= Openpass =

RFID access control system

OpenPass is a method for data recording on RFID card in an integrated access control system, with proprietary software by different providers.
OpenPass is released under the GPL license.

==The OpenPass system==

The OpenPass system consists of:
- contactless smartcard ISO 15693, without proprietary restrictions;
- ticket counters and gates compatible with the standard
- central server and open platform for data collection
- web service connection and data transmission real-time or [batch].

To allow the exchange of information between heterogeneous access control systems, OpenPass defines an interchange format through the use of metalanguage XML. Access credentials are stored on the smartcard and organized through the use of markers, represented in XML. The XML representations are made public by the server OpenPass.
With a single RFID card, the user access to all sites in the system: each company is able to issue the ticket yourself and the card is recognized by every member of the system independently.
The OpenPass standard defines a distributed network of data centers, that are web service connected with the server. The information collected by data centers regarding sales and passages to the gates and they are sent to the central server. The exchange format between server and collection centers is XML.
The OpenPass server receives the data and stores them in a centralized SQL database, where each data item is related to a UID and any personal details of the customer.

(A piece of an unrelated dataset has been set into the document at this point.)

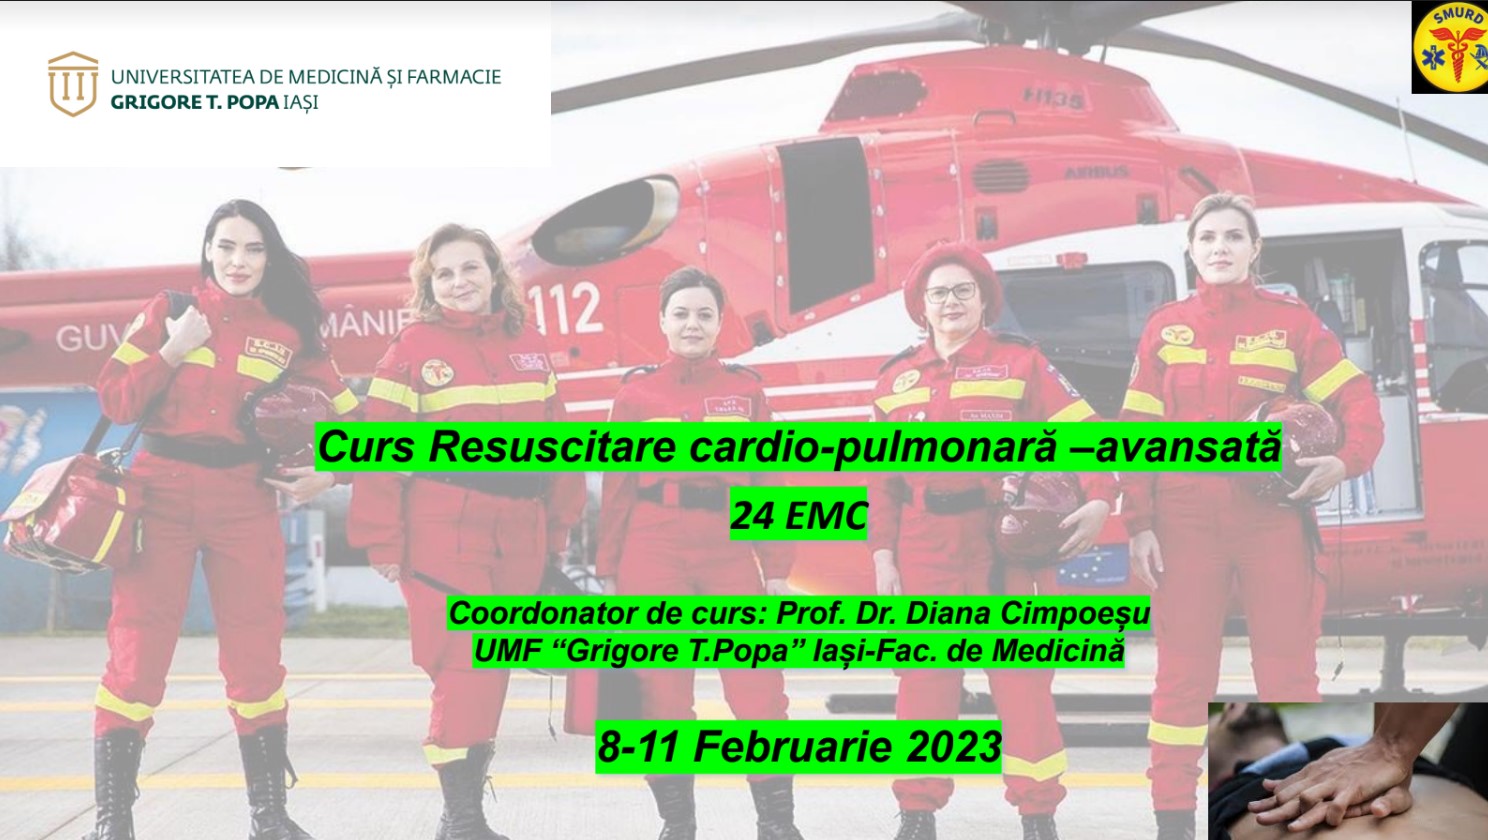 Curs resuscitare cardio-pulmonara-avansata – 24 EMC – 8-11 Feb 2023
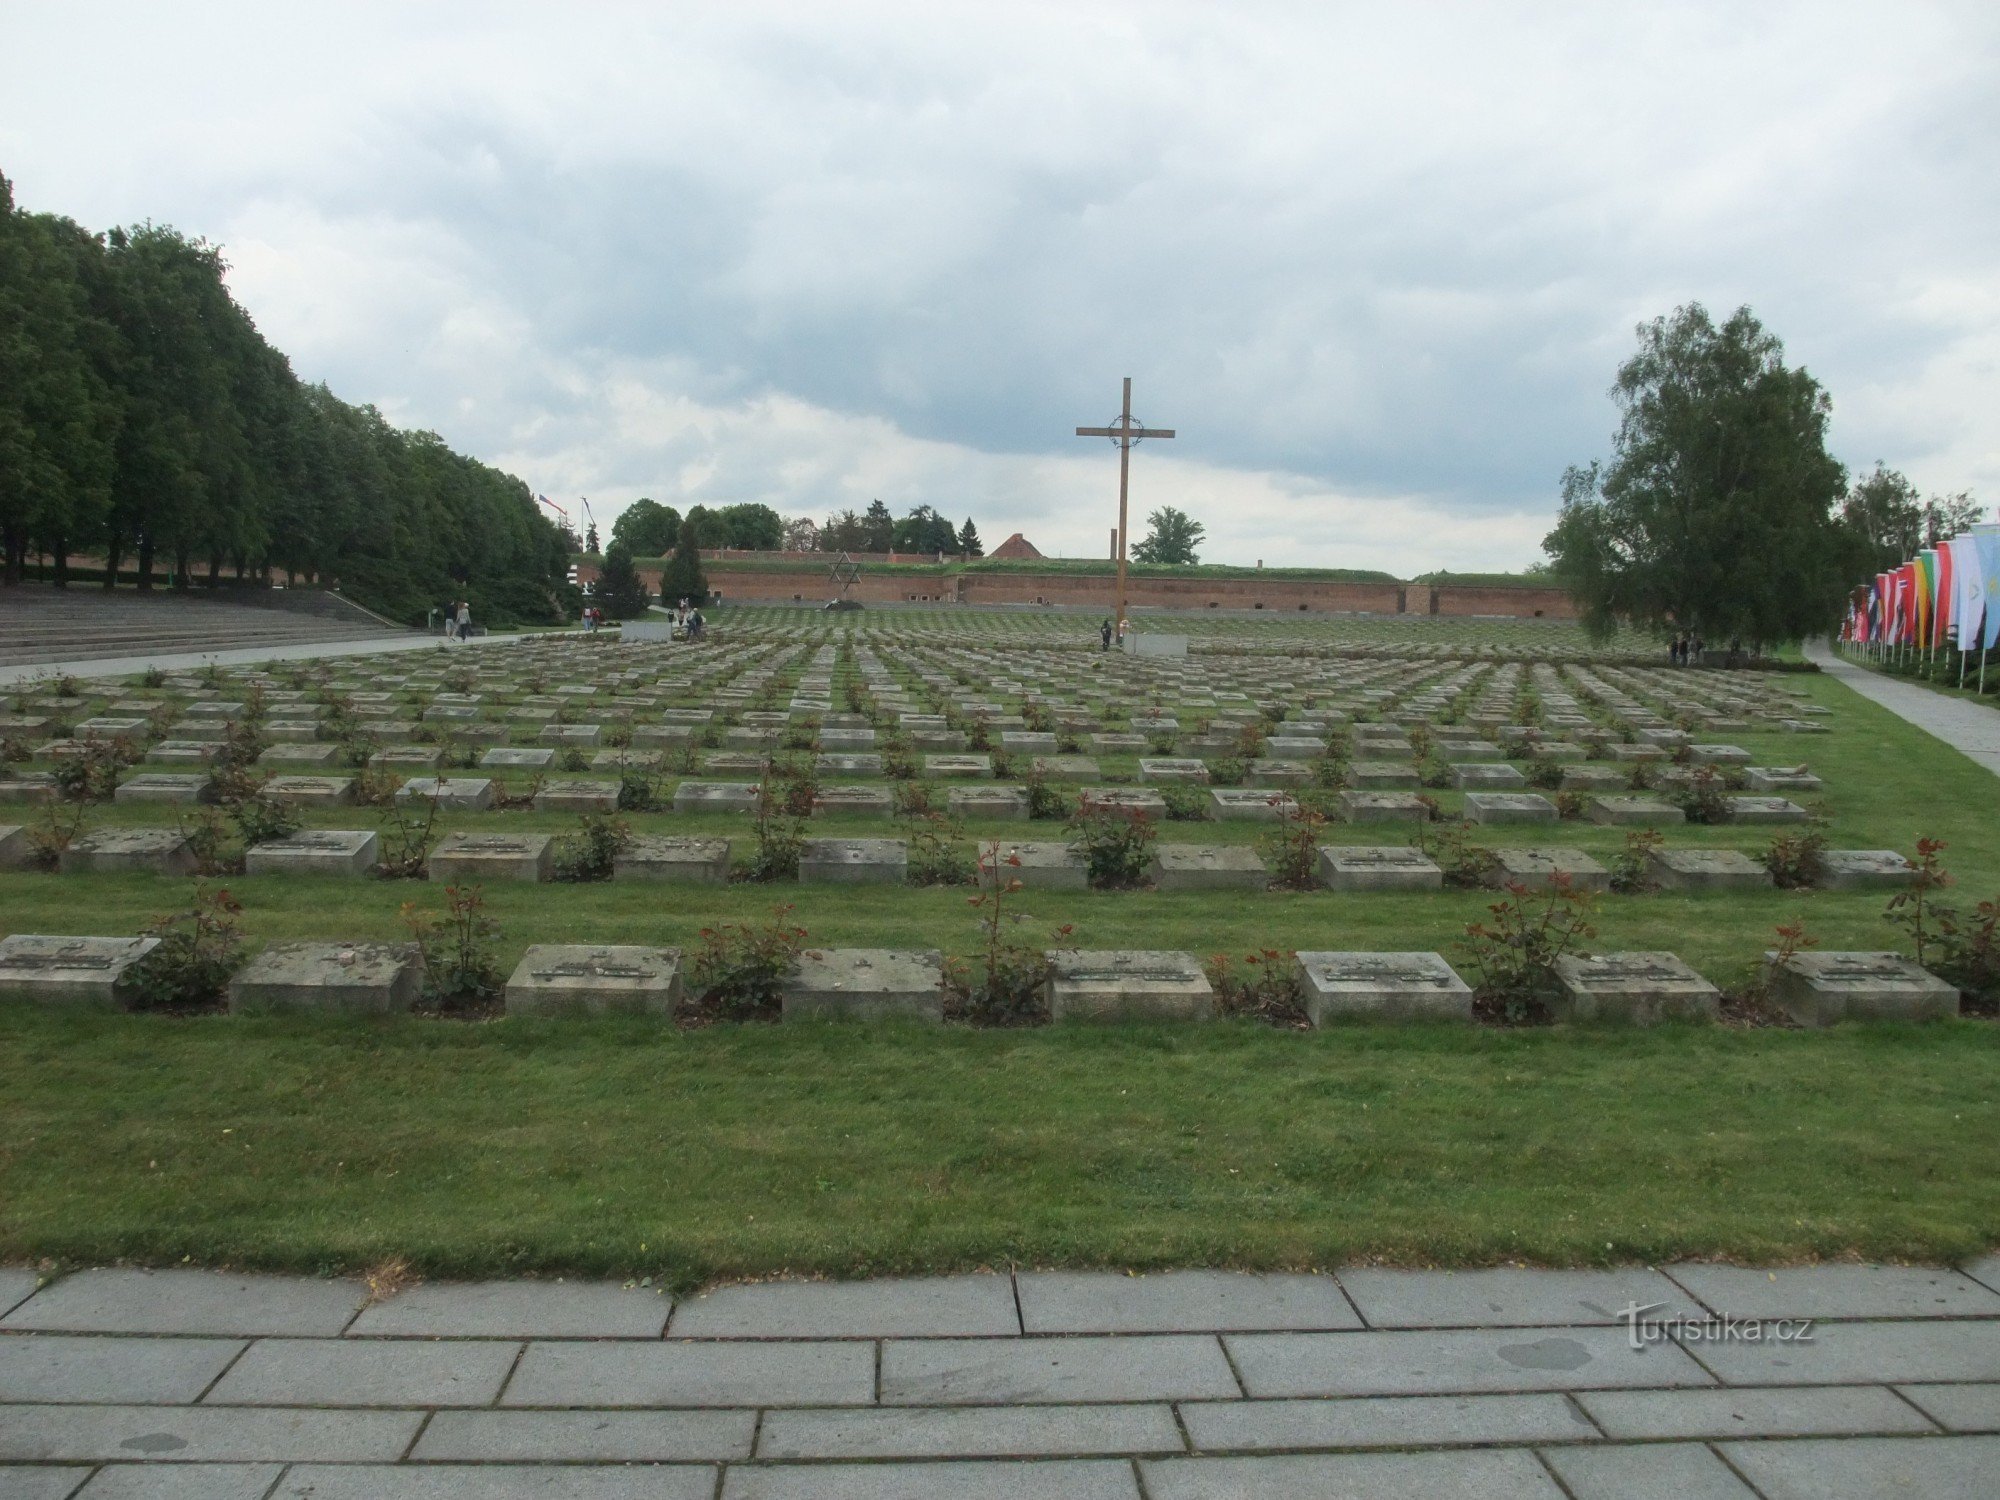 Εθνικό νεκροταφείο Terezín - σύμβολο της τσεχικής πολιτείας

==Highlights of OpenPass==

The methodology OpenPass is characterized by:

- data accessible and understandable by users;
- fast and "hands-free" passage to the gates;
- online recharge and presale pass;
- safety of access credentials are encrypted in emission;
- multifunctionality;
- management division of the profits from sales of tickets valid for multiple domains;
- possibility of batch operation of control system, in hostile contexts where the connection is not continuous;
- reducing the cost of cards and equipment since it is not bound to proprietary software.

==OpenPass projects==

For now, OpenPass is applied to control systems access to the ski lifts, in Italy and France:

===Italy: Skipass Lombardia===

Skipass Lombardia was the first example in Europe of open standard for integrated access control systems with heterogeneous and proprietary software. OpenPass has created an integrated system for all companies of skilifts in the Lombardy Region: 310 ski lifts, 46 companies in 30 ski areas.

===France: Nordic Pass Rhône Alpes===

The Federation of Nordic skiing in the French region of Rhône-Alpes (FRAN) has promoted the Nordic Pass Rhône Alpes: a project of integrated access to 5000 km of ski runs in 83 stations of Nordic skiing, with OpenPass standard.

===Italy: SkiArea VCO===

In the Alps of Piedmont, Neveazzurra ski resort has implemented SkiArea VCO: a project of integrated access to the stations of Neveazzurra resort: Alpe Devero, Antrona Cheggio, Ceppo Morelli, Domobianca (Domodossola), Druogno, Formazza, Macugnaga, Mottarone, Piana di Vigezio, Pian di Sole, San Domenico (Varzo).